TEFAF MAASTRICHT 2023
From International Florence to the Eternal City: cultural pathways between the 18th and 19th centuries
The Galleria Walter Padovani will participate in TEFAF Maastricht as usual, presenting a selection of works of the 18th and 19th centuries that showcase Rome and Florence with their coexistence between different stylistic and cultural trends.
Following a chronological order, the cosmopolitan appeal of Florence is eloquently expressed here by a terracotta bust of Sir Horace Mann (1706-1786), an English diplomat at the Tuscan court who settled in the city from the fourth decade of the 1700s.
I made the acquaintance of Sir Mann, the English ambassador, who was the idol of Florence, very rich and with the most charming manners, full of spirit, taste and a great love for the Fine Arts.
With these words Giacomo Casanova (1725-1798) describes Mann in his memoirs.
The bust was recently displayed in the exhibition The Grand Tour, the Two Horaces and the Court of Florence (1740-1786), at Strawberry Hill (Twickenham; 24 May – 21 July 2022).
Moving on to the third decade of the 19th century, Florence now forms the setting for the naturalistic style and the related major revolution enacted by Lorenzo Bartolini (1777-1850), present here with a marble bust. The sitter is Countess Carlotta Barbolani di Montauto (1780 – 1846), a Florentine noblewoman and spokesperson for the wealthy and international clientele that the artist enjoyed: from the Bonaparte to the Demidoff family, to name just a couple.
Nicola Demidoff moved in 1822 to Palazzo San Clemente, owned at the time by Countess Barbolani.

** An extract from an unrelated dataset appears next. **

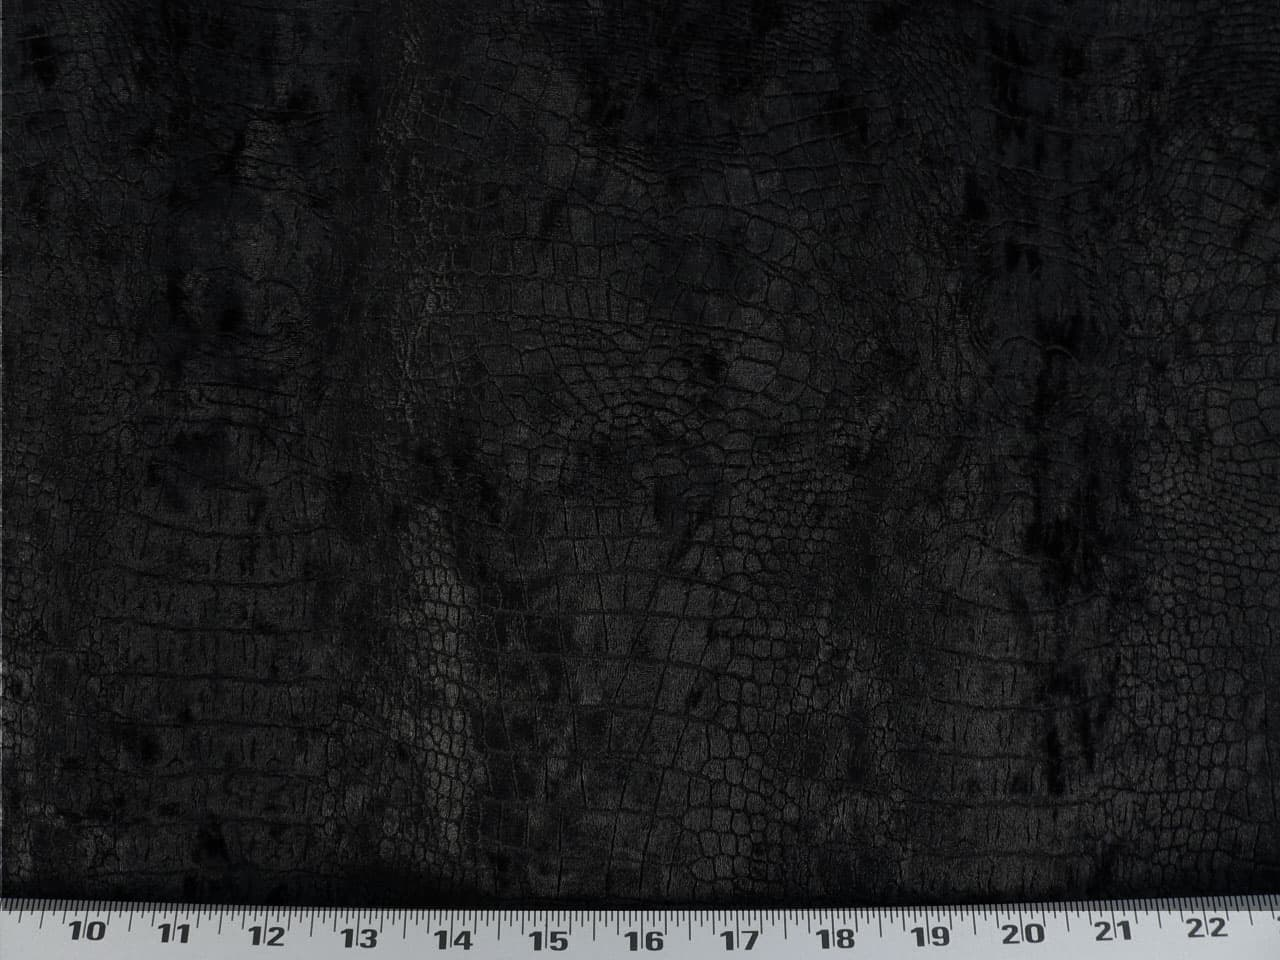 Crocodile Velvet Black Fabric 7 8 Yd Pc Best Fabric Store

This bust is mentioned in the list of the master’s most famous works drawn up by Elisio Schianta, a pupil of Bartolini: Madame la Contesse de Montau. He executed two portraits: one he sent to Paris, the other was acquired by Prince Demidoff, both executed by Bartolini.
Finally, we arrive in Rome, with two paintings by Bartolomeo Pinelli (1781-1835) that propose a folkloristic vision of Rome in the artist’s own day. The two subjects, The Popular Improviser and The Folk Dancer, present lively characters standing out against landscapes with Roman remains, offering a popular interpretation of that eternal charm emanating from antiquity.
The inquisitive eye of Pinelli, an eccentric figure who wandered the streets of the capital, notebook always in hand, gives us a real-life portrait of the customs and traditions of the Roman people of the time.
The events surrounding their provenance once again take us to foreign lands: they are connected to the Adolphus Hotel in Dallas, United States of America, where they arrived from a New York collection that originally owned four paintings by the artist. The other two were purchased in 1958 by the Municipality of Rome and are currently on display at the Museum of Rome, at Palazzo Braschi and the Museum of Trastevere.
As reported in a letter dated 19 November 1979, the two paintings were on display in the lobby of the Hotel, purchased by Leo F. Corrigan Jr in 1949 directly from the heirs of the founder, Adolphus Bush, a German beer magnate and philanthropist who had made his fortune in the United States.